* [WORK REQUIRED]:
Your job is to set down the stretch of entries that opens with the line containing "30 Best Indesign" and closes with the line containing "Set of 4 225/60/16". Keep both end lines, copy each exactly, and add nothing.

* [STORED DATA]:
»»

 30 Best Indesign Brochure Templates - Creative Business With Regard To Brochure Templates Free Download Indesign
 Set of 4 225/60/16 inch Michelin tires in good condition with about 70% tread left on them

««
»»

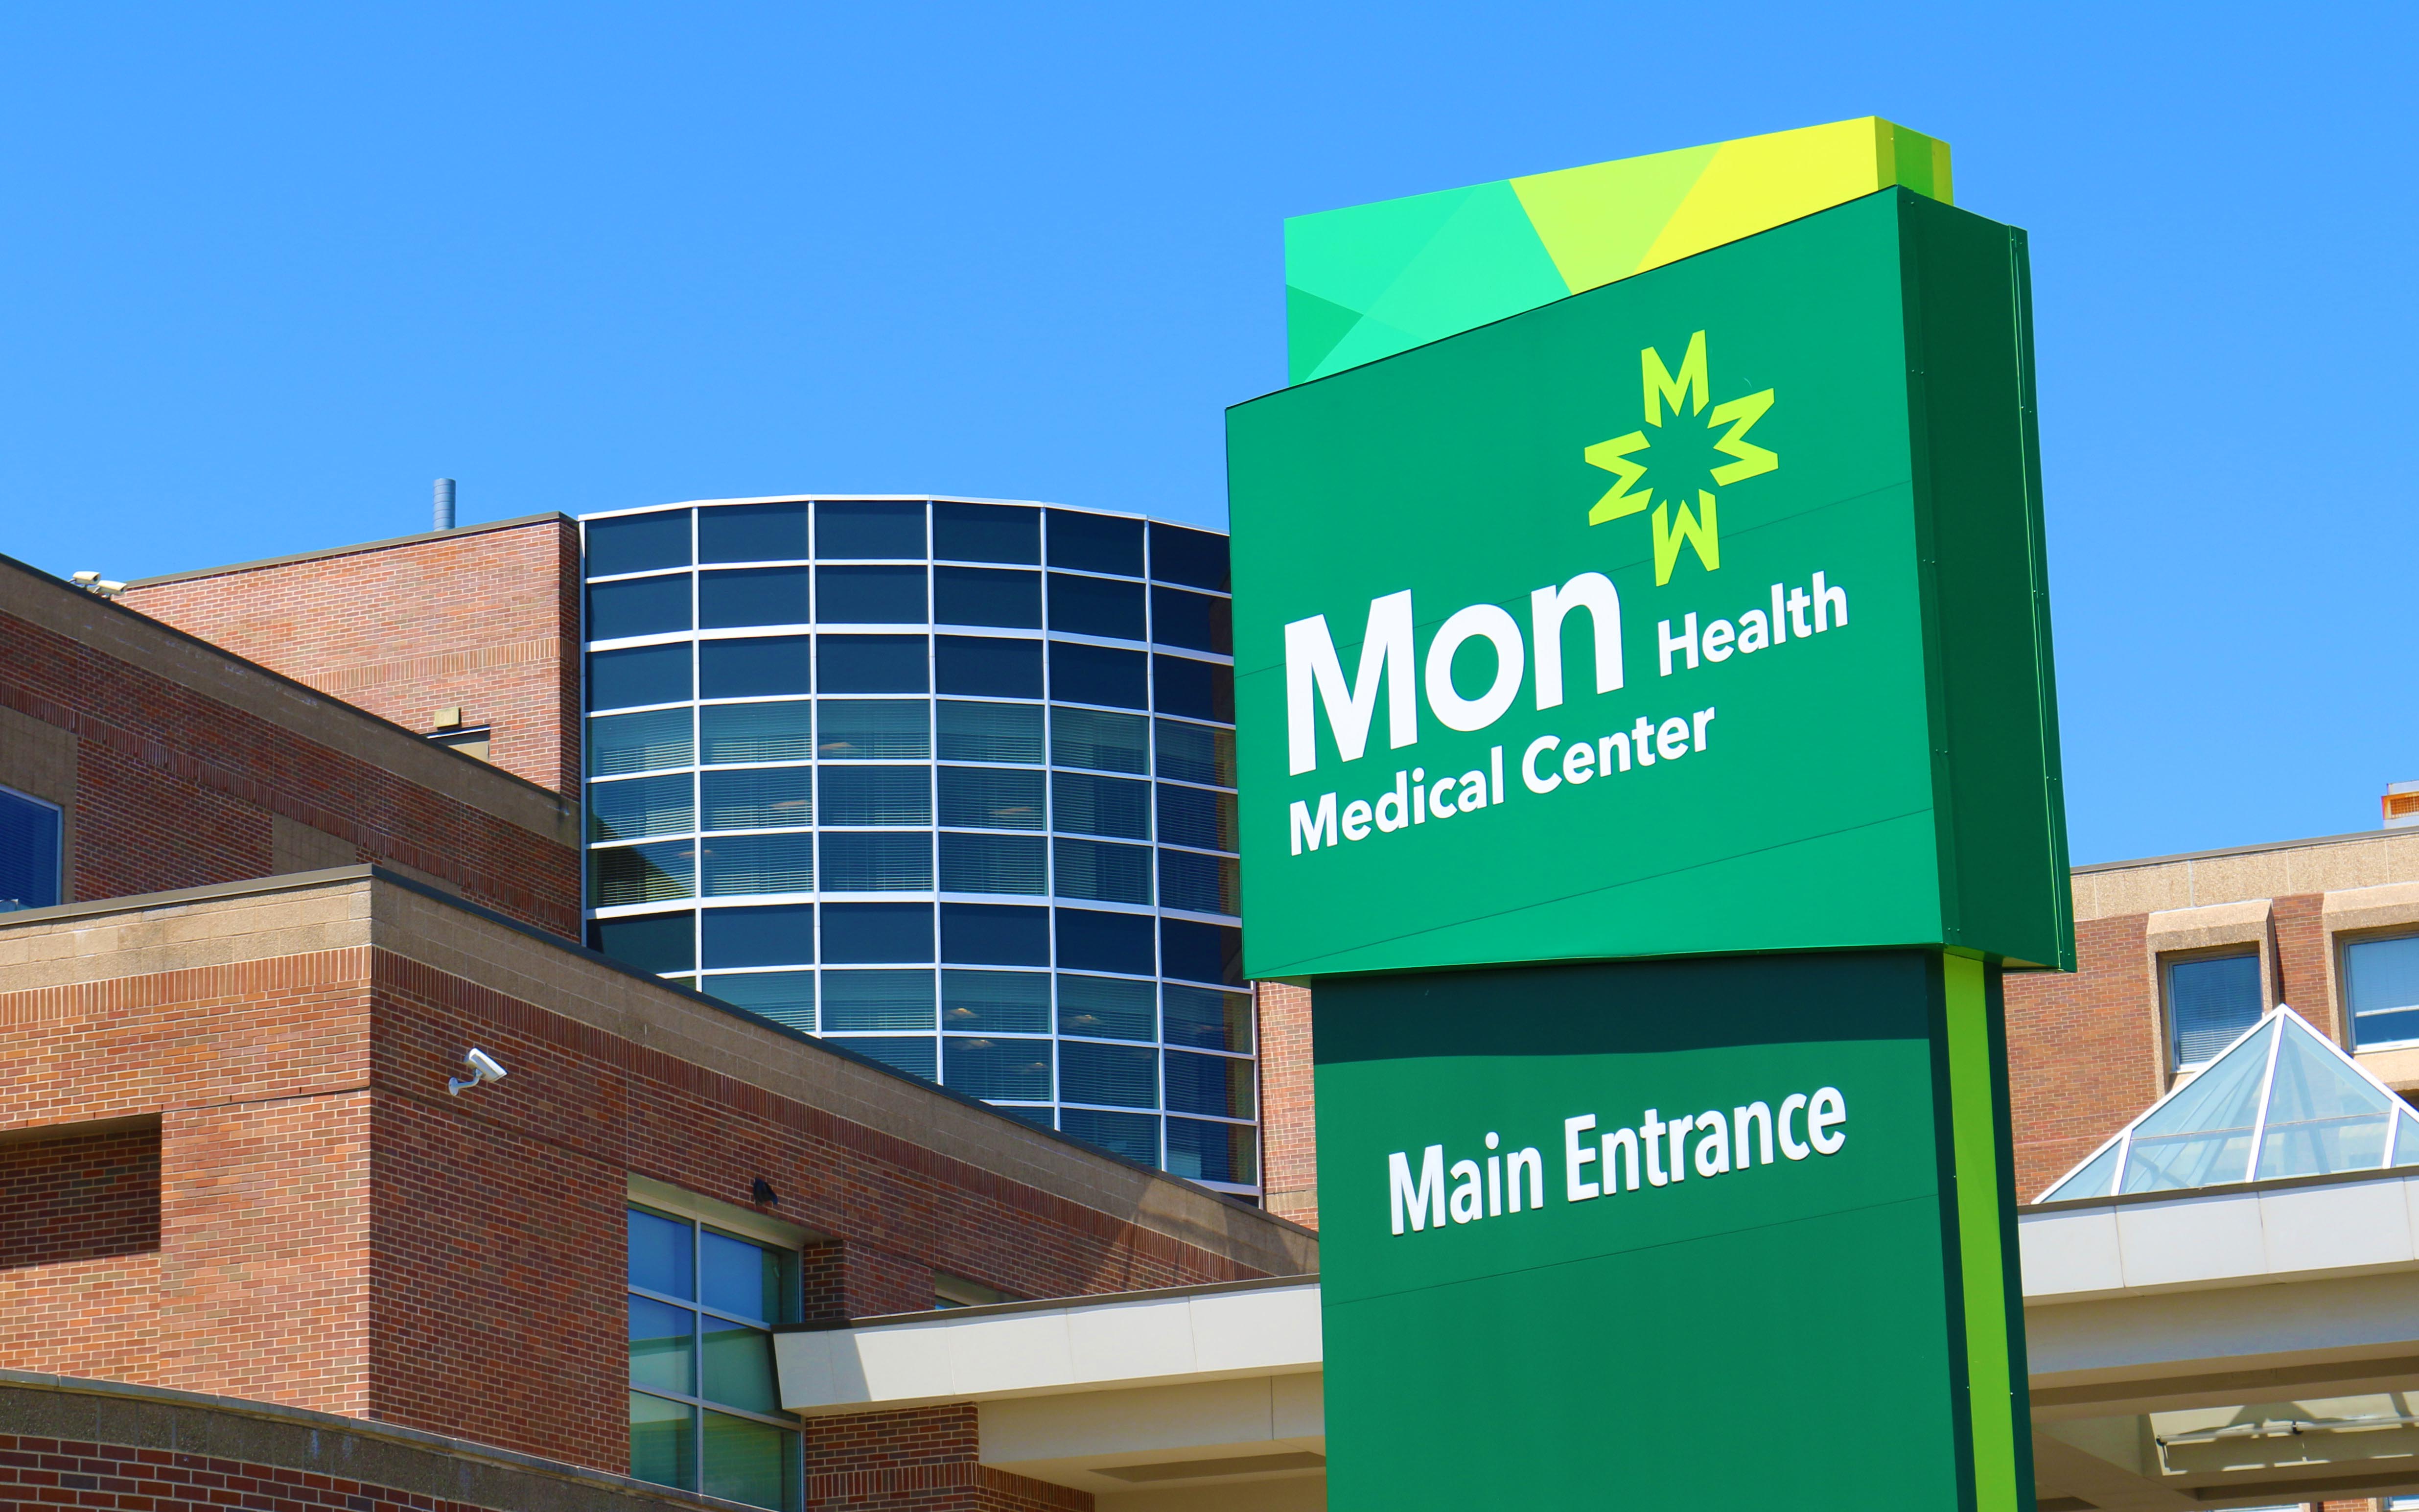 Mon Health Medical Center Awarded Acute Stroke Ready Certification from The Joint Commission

««
»»

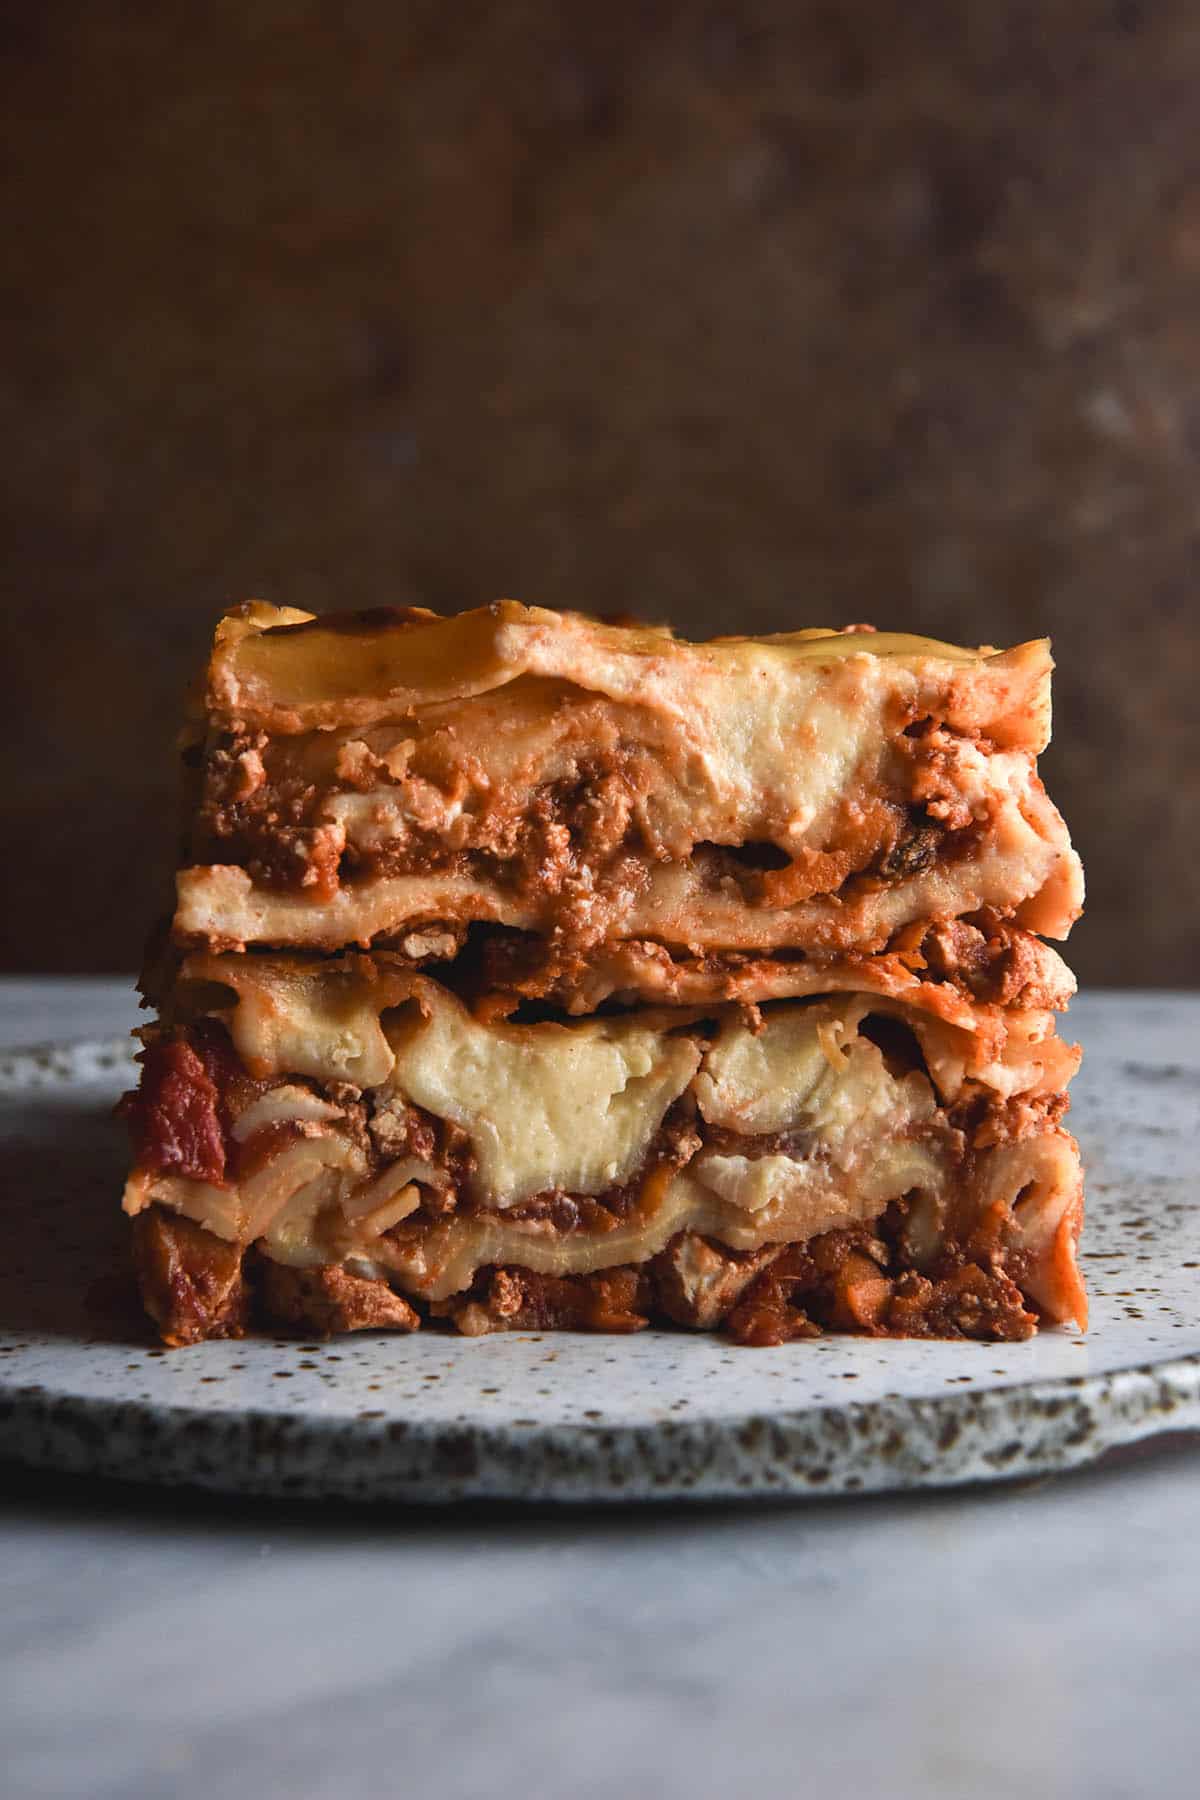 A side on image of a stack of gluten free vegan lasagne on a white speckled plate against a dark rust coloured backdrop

««

* [EXERCISE OUTPUT]:
 30 Best Indesign Brochure Templates - Creative Business With Regard To Brochure Templates Free Download Indesign
 Set of 4 225/60/16 inch Michelin tires in good condition with about 70% tread left on them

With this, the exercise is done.